> _DATA SEGMENT_:
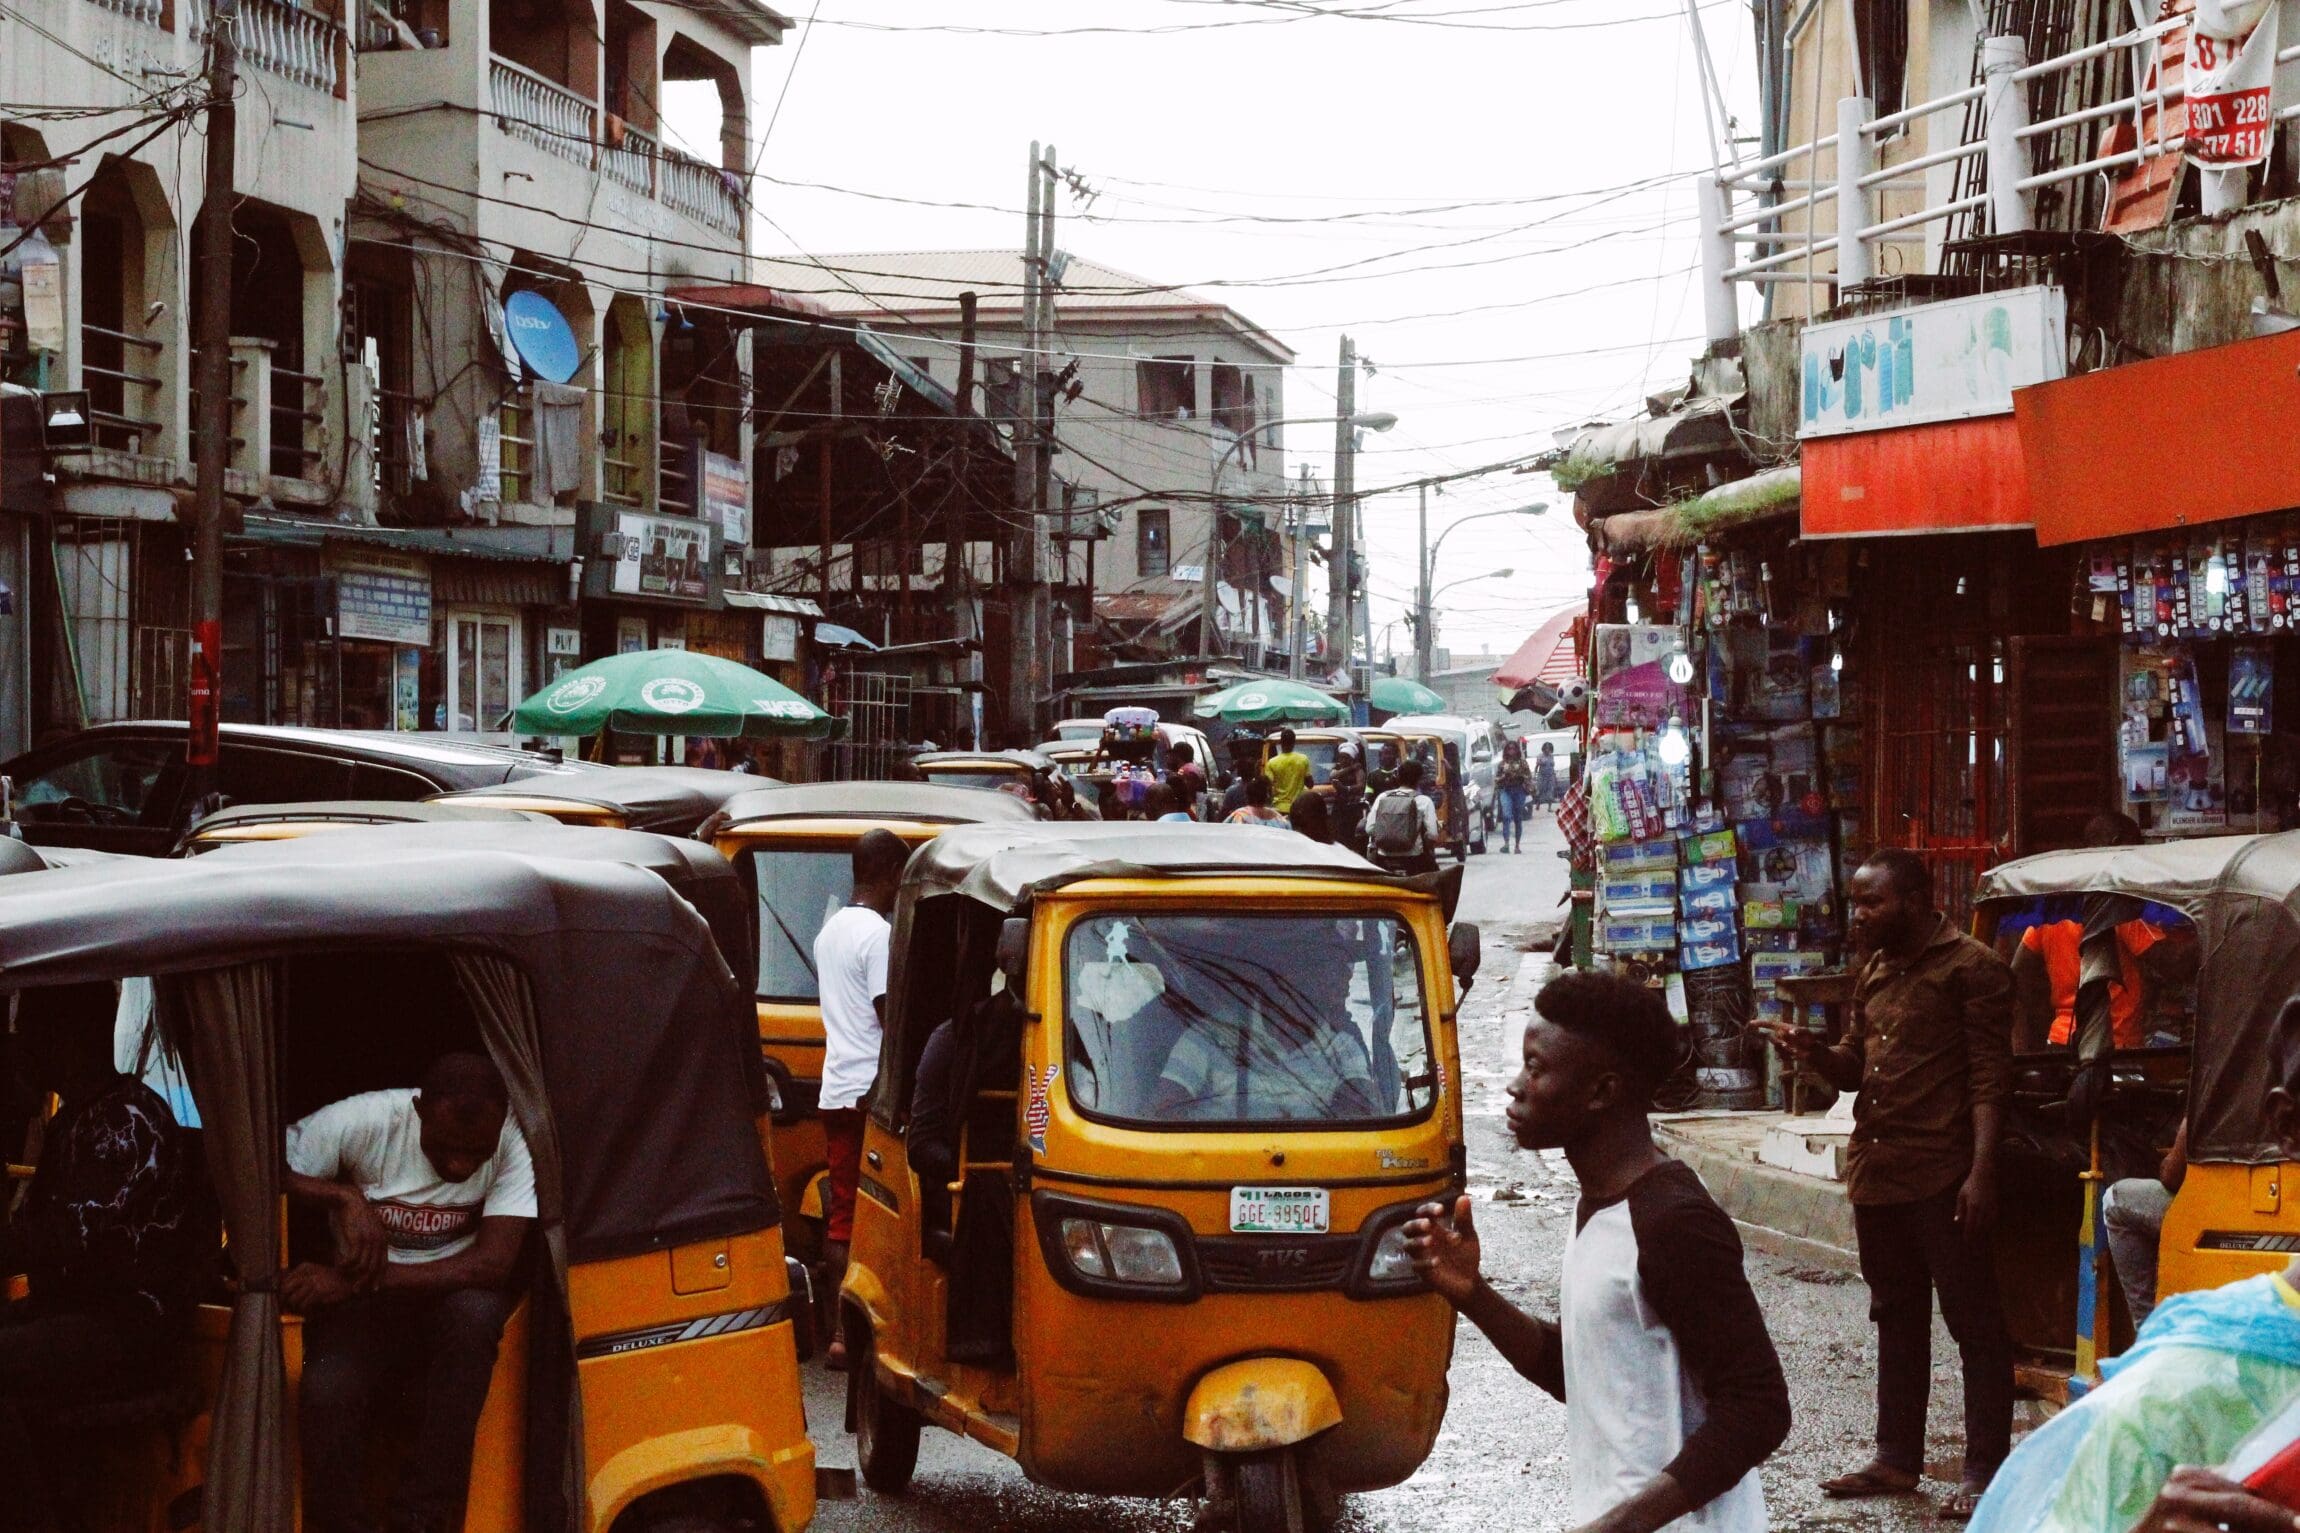 A Yoruba girl’s guide to the holiday season in Lagos | A Lagos street scene
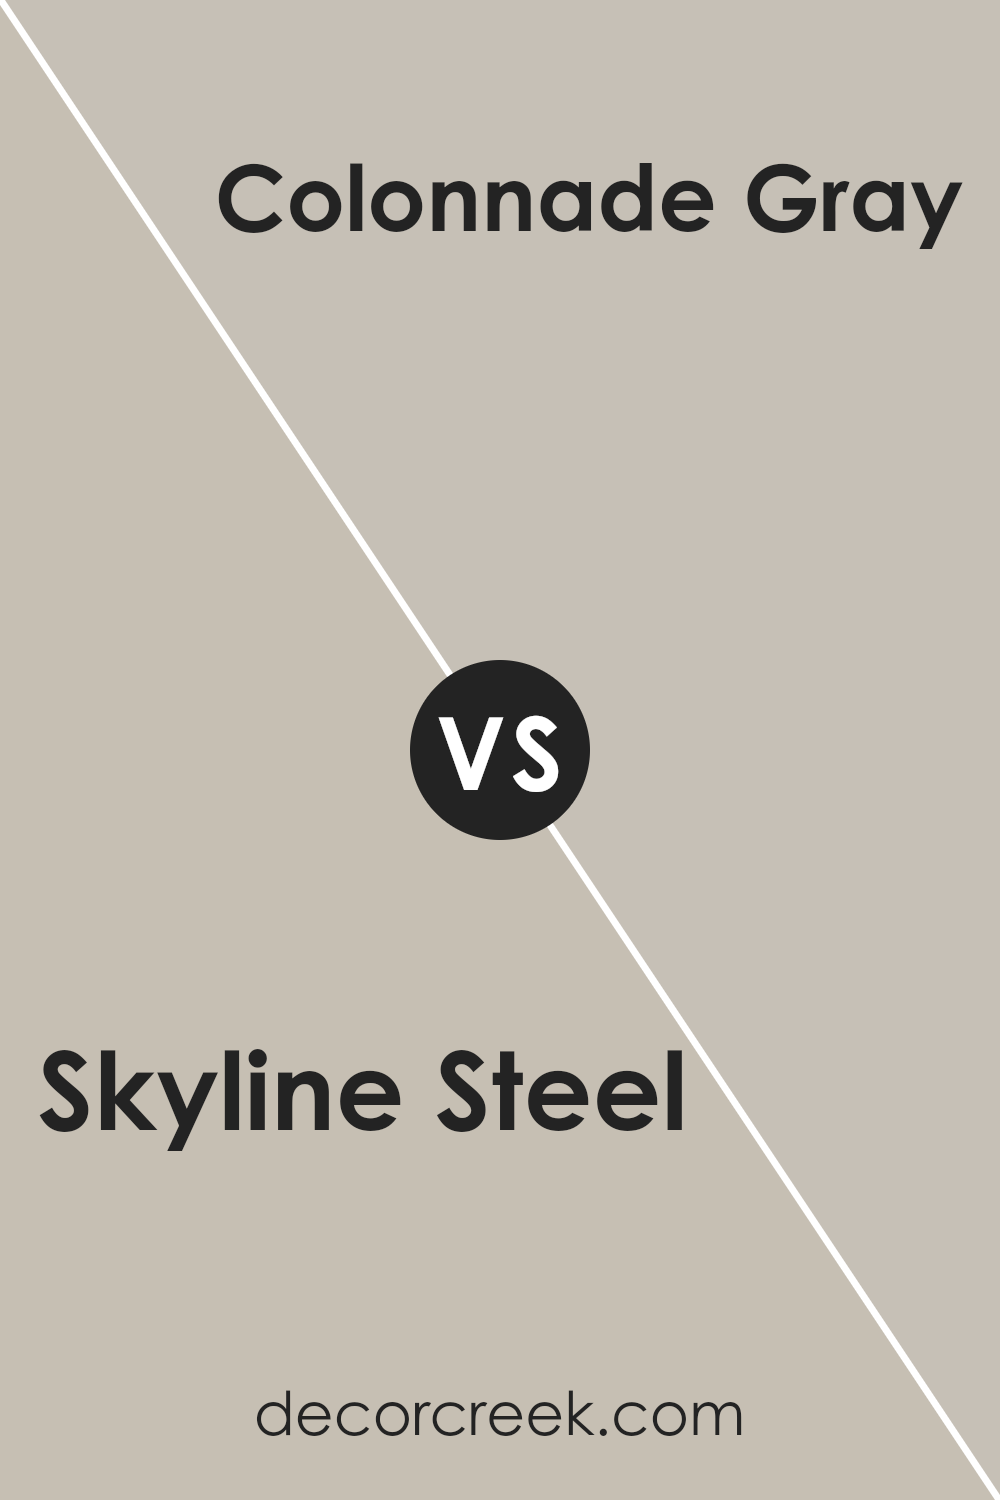 skyline_steel_sw_1015_vs_colonnade_gray_sw_7641
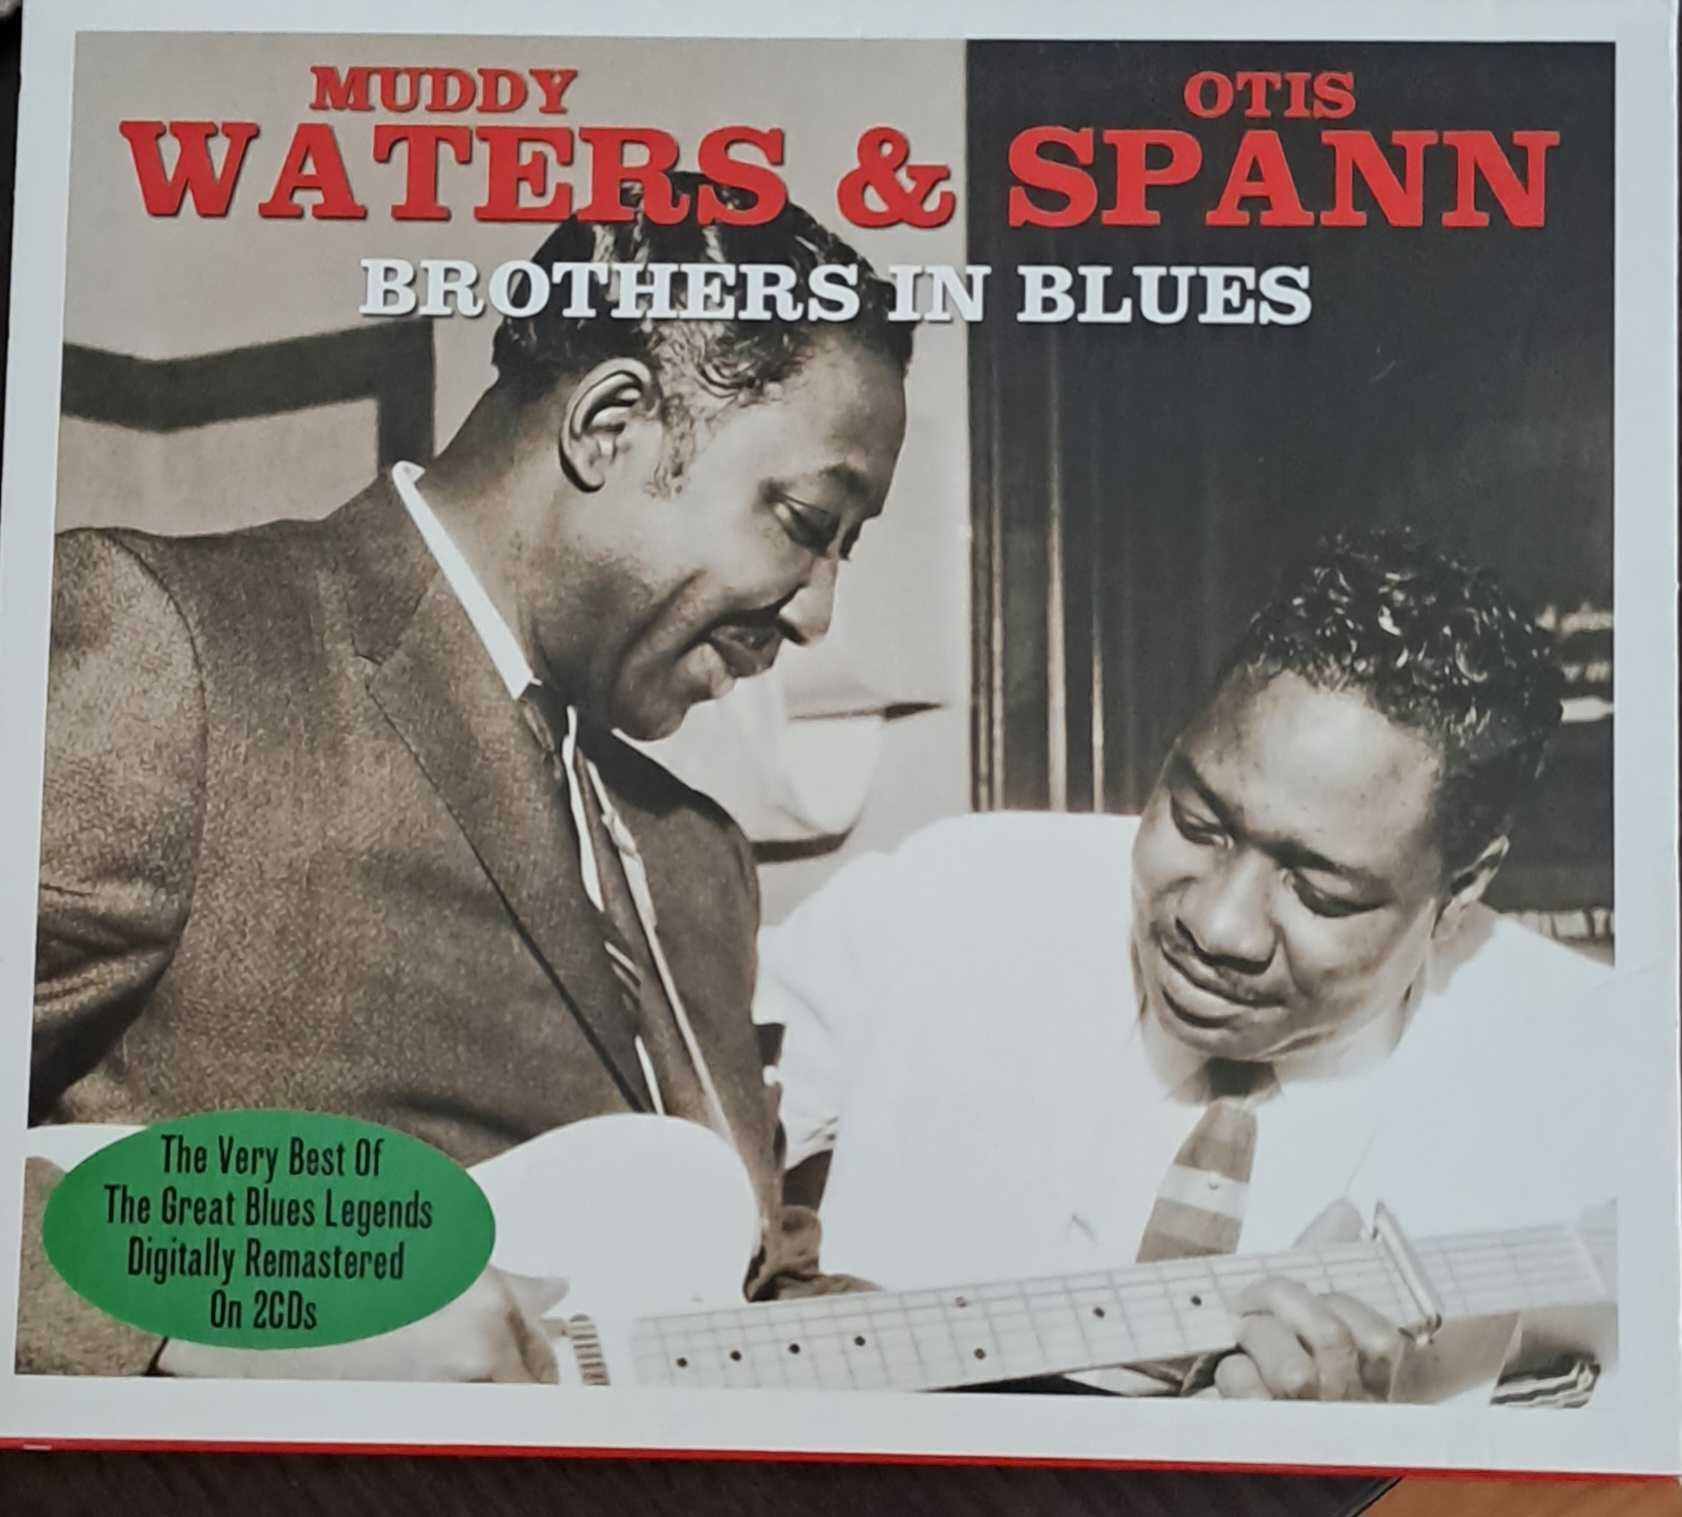 Muddy Waters & Otis Spann - "Brothers in Blues"
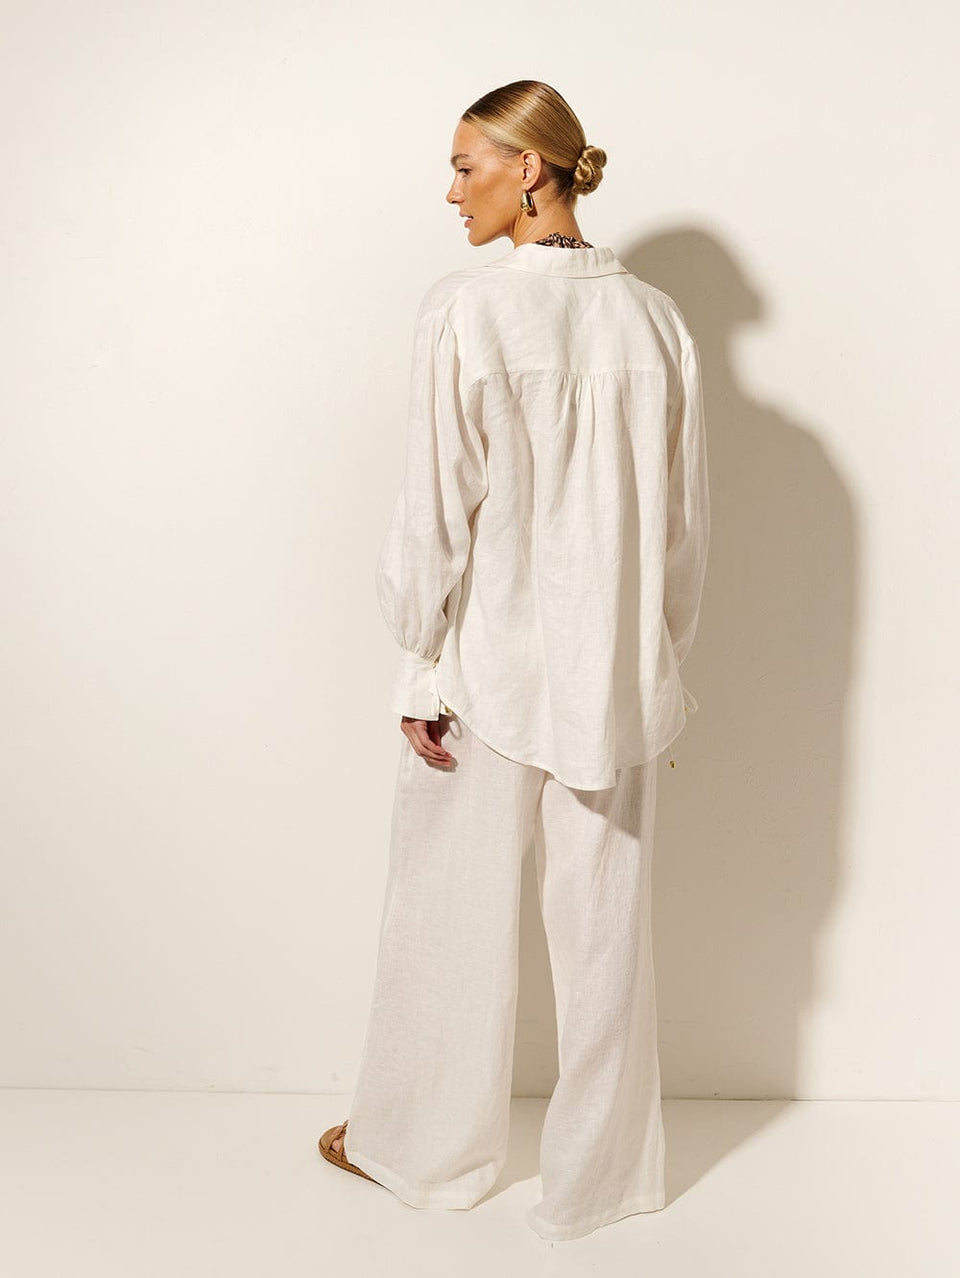 Jacana Pant KIVARI | Model wears ivory linen pant back view

> _WHAT THIS TASK INVOLVES_:
All pictures should be dropped; the lines from the one containing "skyline_steel_sw_1015_vs_colonnade_gray_sw_7641" through the last line of the material are to be set down exactly.

> _TASK OUTPUT_:
 skyline_steel_sw_1015_vs_colonnade_gray_sw_7641
 Muddy Waters & Otis Spann - "Brothers in Blues"
 Jacana Pant KIVARI | Model wears ivory linen pant back view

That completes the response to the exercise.